The run_agent tool lets one agent execute another and use its result. Configure which agents can be called via the agents field in frontmatter.

Configuration

Add an agents allowlist to the calling agent's frontmatter:

---
name: orchestrator
agents:
  - web-researcher
  - summarizer
---

Research the topic, then summarize the findings.

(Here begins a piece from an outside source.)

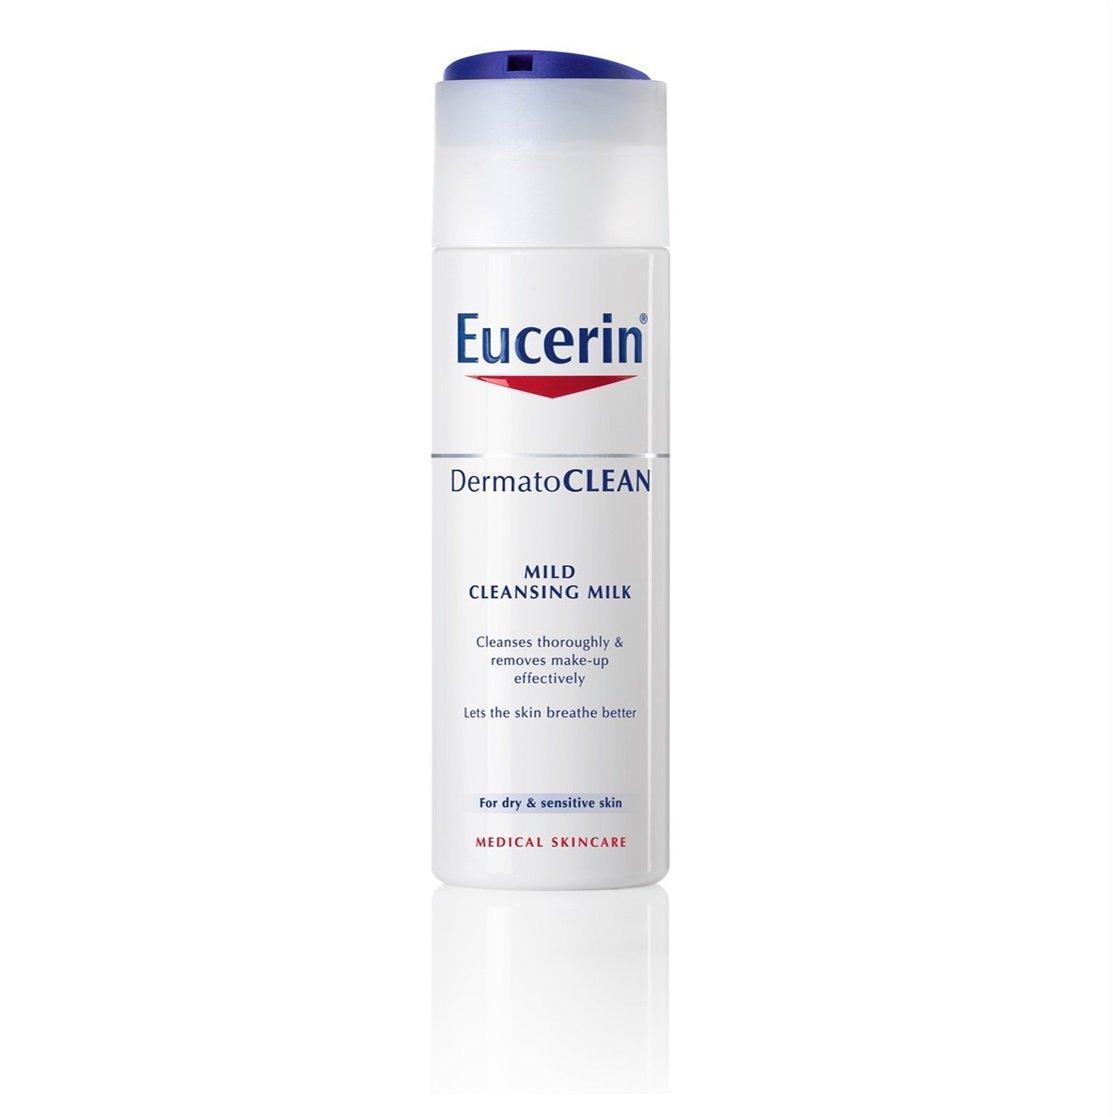 eucerin cleansing milk
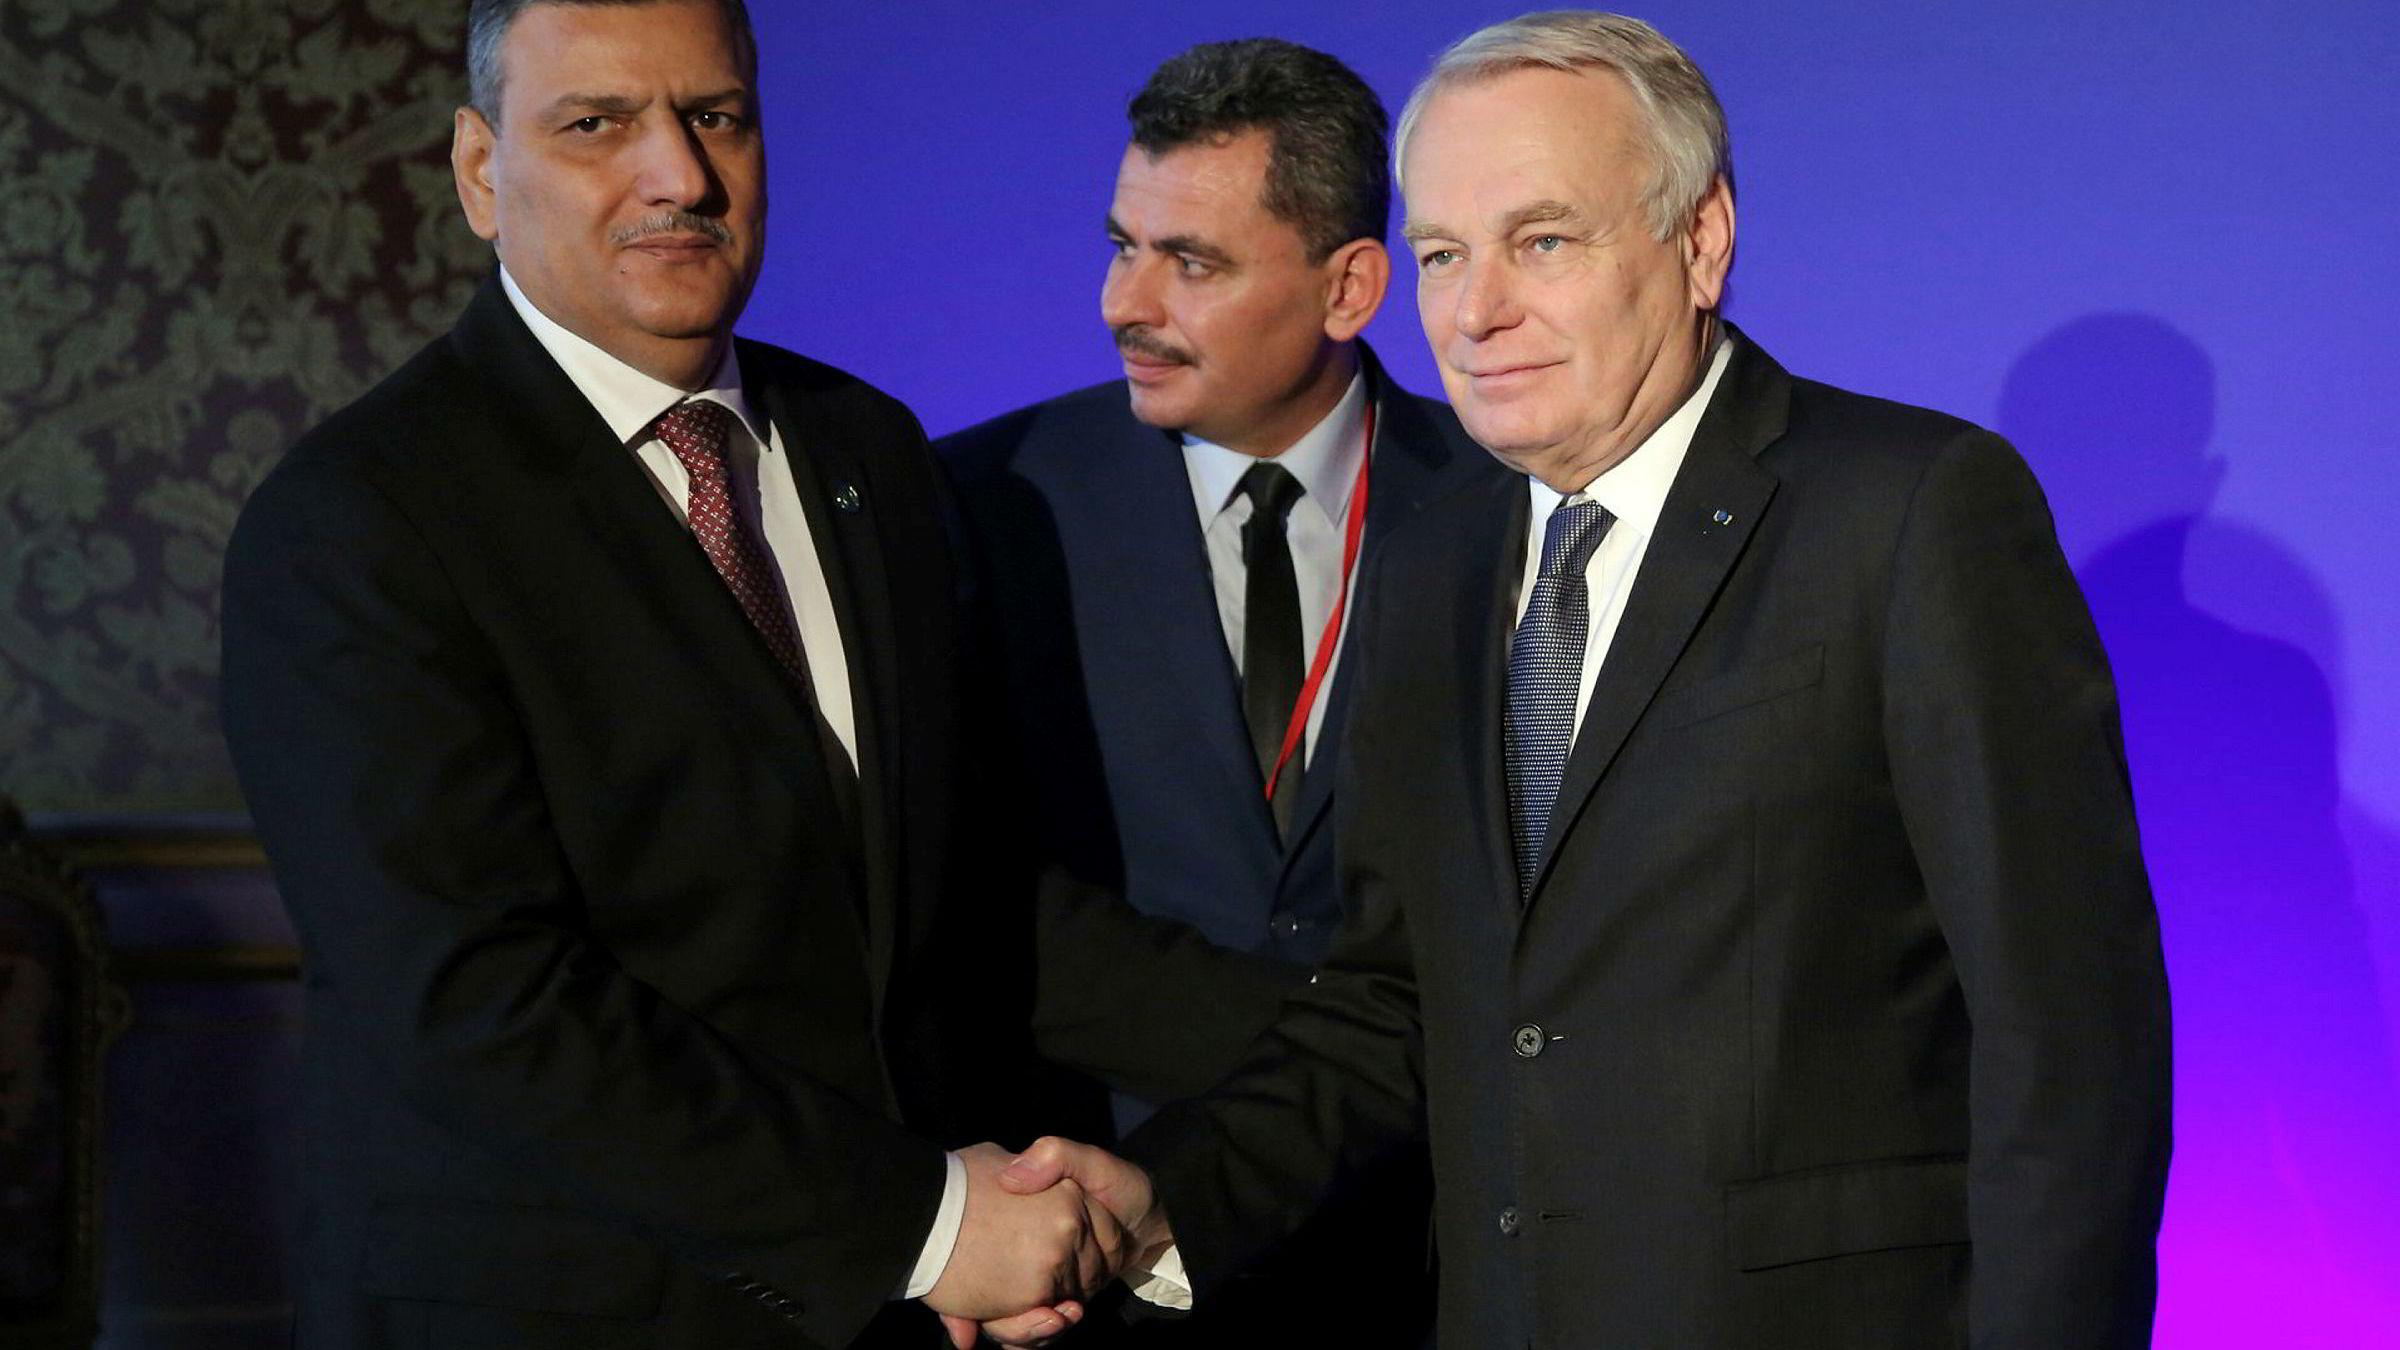 Riad Hijab (t.v) sjefskoordinator for forhandlingene tar hånden til Frankrikes utenriksminister, Jean Marc Ayrault (t.h.), mens presidenten i Alepps lokale Brita Hagi Hasan står ved lørdag.

Agents are referenced by their name field (not filename). Only agents listed in agents can be called.

Tool Signature

def run_agent(agent_name: str, arguments: str = "") -> dict
Parameter Type Required Description
agent_name str Yes Name of the target agent (must be in agents allowlist)
arguments str No Arguments passed to the target agent

Return Value

Success:

{
  "status": "success",
  "output": "The agent's final answer text",
  "execution_id": 42,
  "duration_ms": 3200,
  "total_tokens": 1580,
  "cost_usd": 0.002
}

Error:

{
  "error": "Agent 'unknown' is not in the allowed agents list"
}

Possible errors:

Error Cause
not in the allowed agents list Agent not in agents frontmatter
Agent cannot call itself Self-call attempted
Maximum agent call depth (N) reached Nesting too deep
Agent 'X' not found Target not registered
Agent 'X' is not enabled Target has enabled: false

Depth Limit

Agent calls can be nested (A calls B calls C). The default maximum depth is 3, configurable in config.yaml:

defaults:
  max_agent_depth: 5

Execution Model

  • Each delegated agent runs as an independent execution with its own sandbox, tools, and token tracking
  • The trigger type is recorded as agent (visible in logs and API)
  • Executions are linked via parent_execution_id for traceability
  • Token usage and cost are tracked separately per execution

Restrictions

  • Allowlist only — agents can only call agents listed in their agents field
  • No self-calls — an agent cannot call itself
  • Own sandbox — the target agent uses its own paths, tools, and model config
  • Name-based — agents are referenced by their frontmatter name, not by filename

Example: Orchestrator Pattern

orchestrator.md:

---
name: orchestrator
agents:
  - web-researcher
  - summarizer
settings:
  temperature: 0.3
---

You coordinate research tasks.

1. Call `web-researcher` with the research topic as arguments
2. Pass the research output to `summarizer` for a concise summary
3. Save the final summary to `output/research-summary.md`

web-researcher.md:

---
name: web-researcher
mcp:
  - fetch
---

Research the given topic using web tools. Return detailed findings.

summarizer.md:

---
name: summarizer
settings:
  temperature: 0.2
  max_tokens: 2048
---

Summarize the provided text into 3-5 key bullet points.